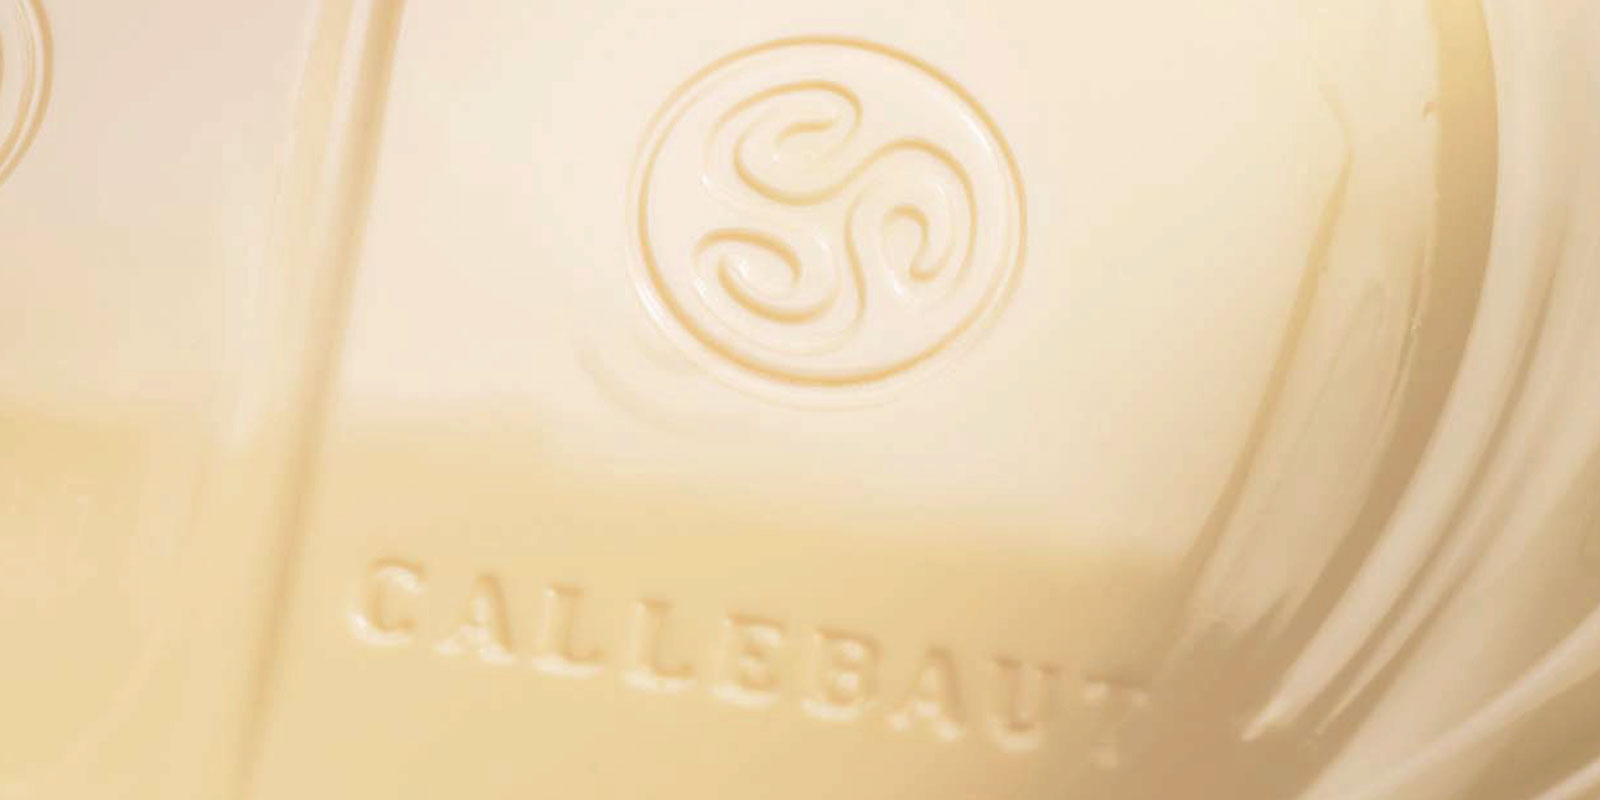 Chocolats blancs de Callebaut Le chocolat blanc est le resultat du melange de beurre de cacao, de lait en poudre et de sucre. Le rapport de melange de ces ingredients - par exemple la vanilline, la vanille ou la lecithine - determine le gout du produit final.
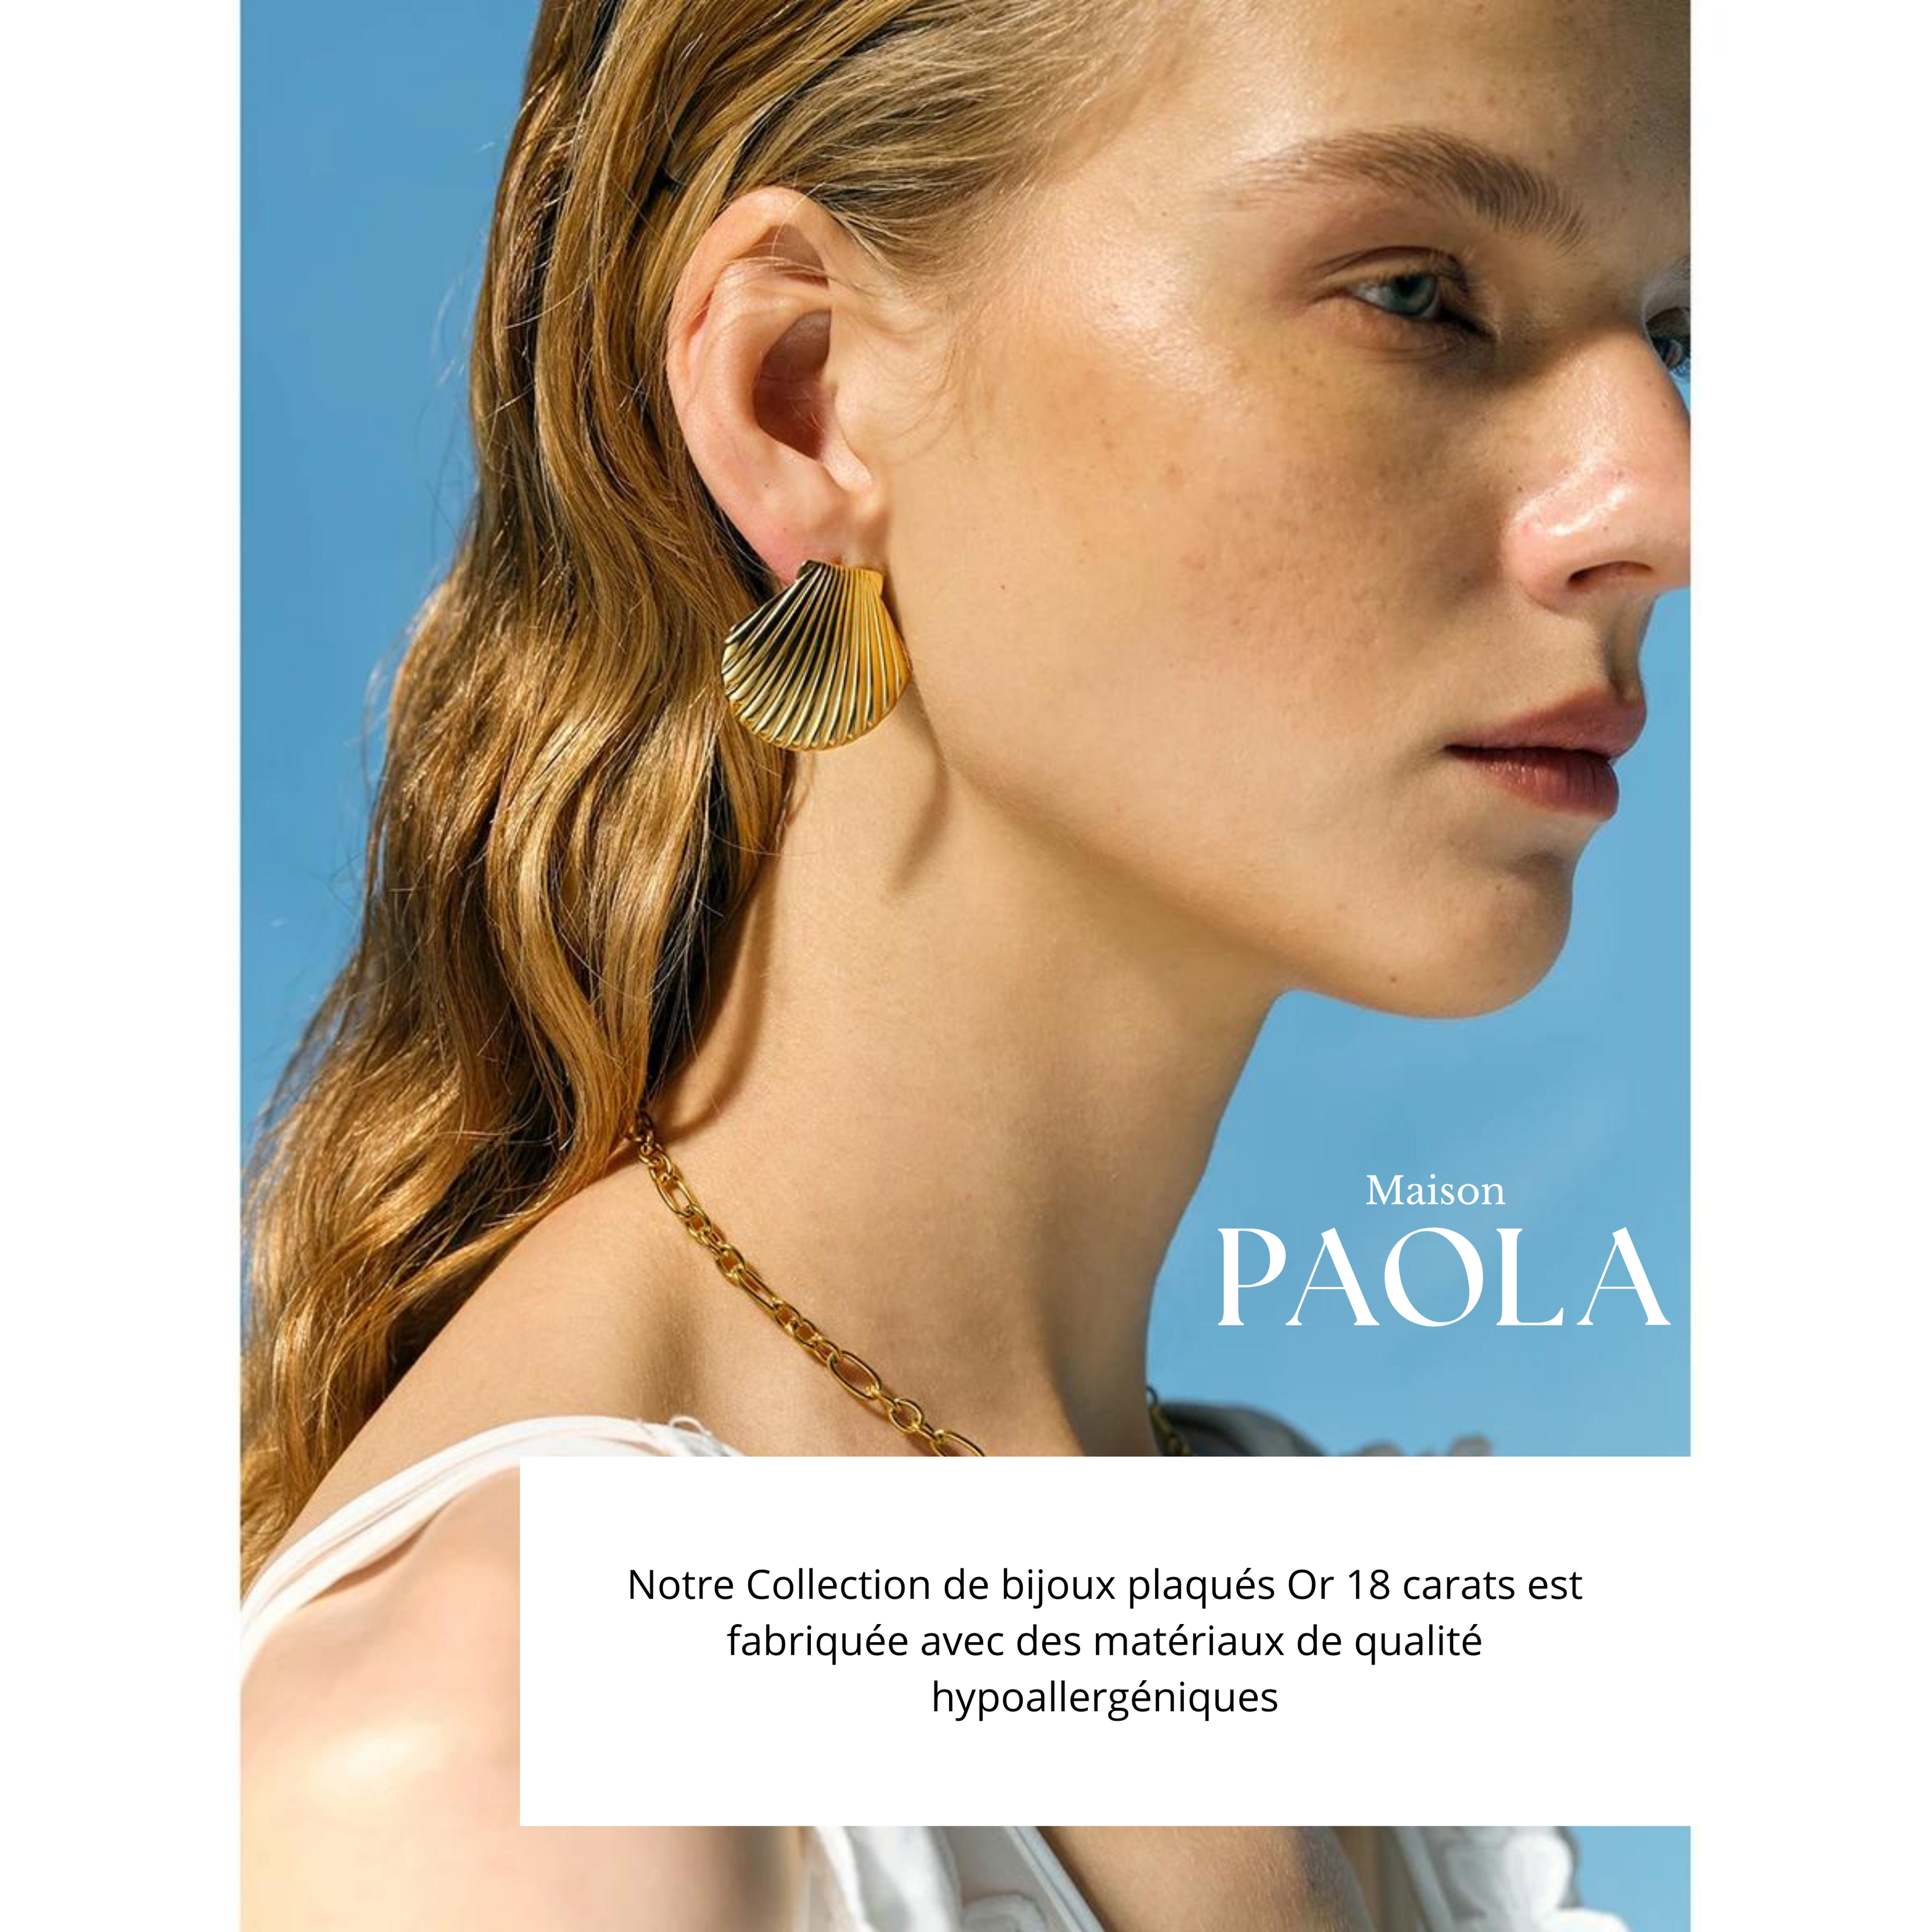 Affiche Maison Paola Femme boucle d'oreille coquillage fond bleu texte plaqué or 18 carats hypoallergéniques
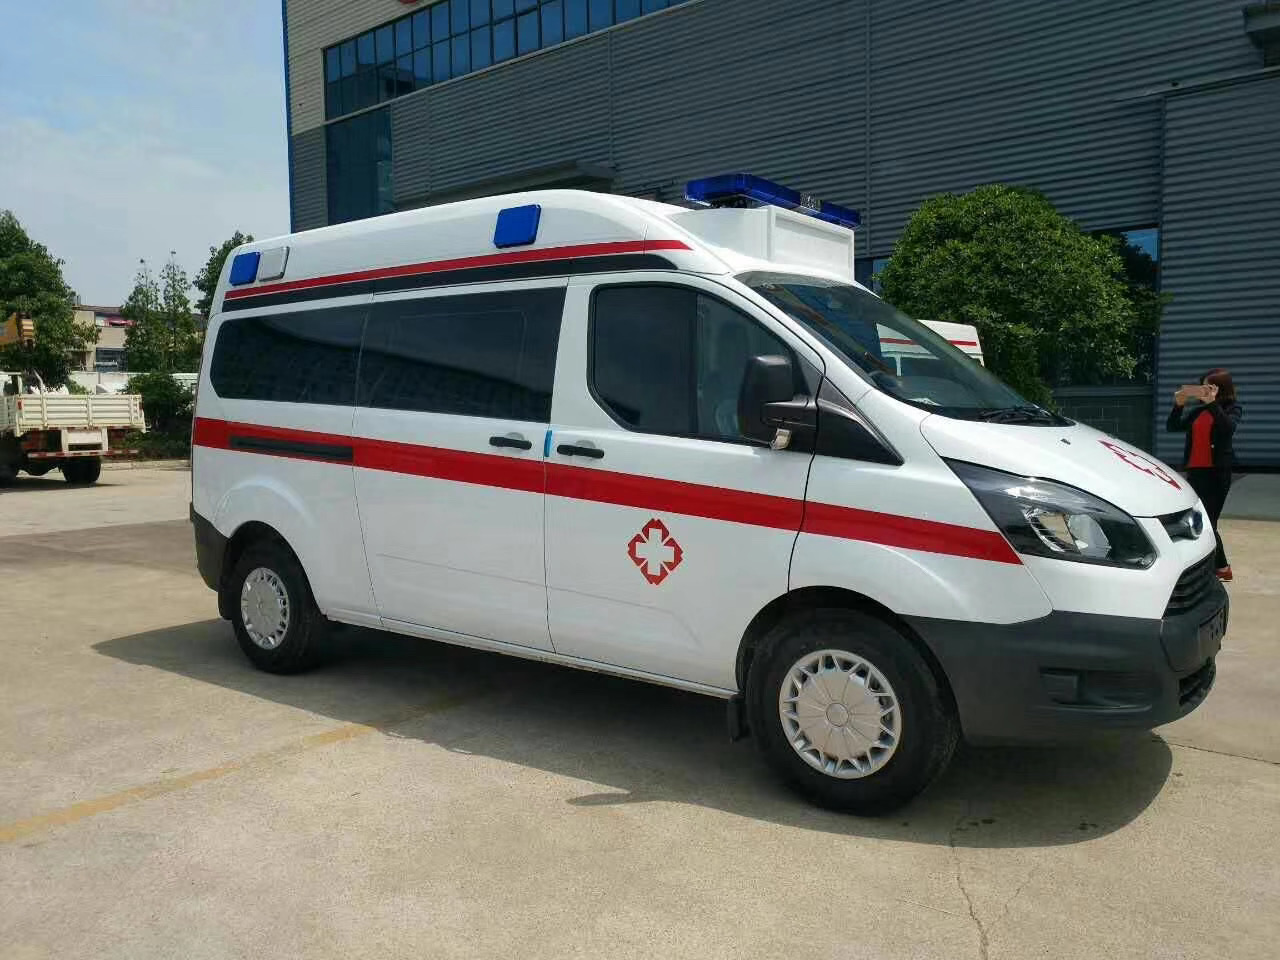 昂仁县出院转院救护车

================

WORK TO COMPLETE: The copy runs from the line containing "Affiche Maison Paola" through the last line of the material, both ends included. Reproduce those lines exactly and drop the pictures.

ANSWER TO THIS TASK:
 Affiche Maison Paola Femme boucle d'oreille coquillage fond bleu texte plaqué or 18 carats hypoallergéniques
 昂仁县出院转院救护车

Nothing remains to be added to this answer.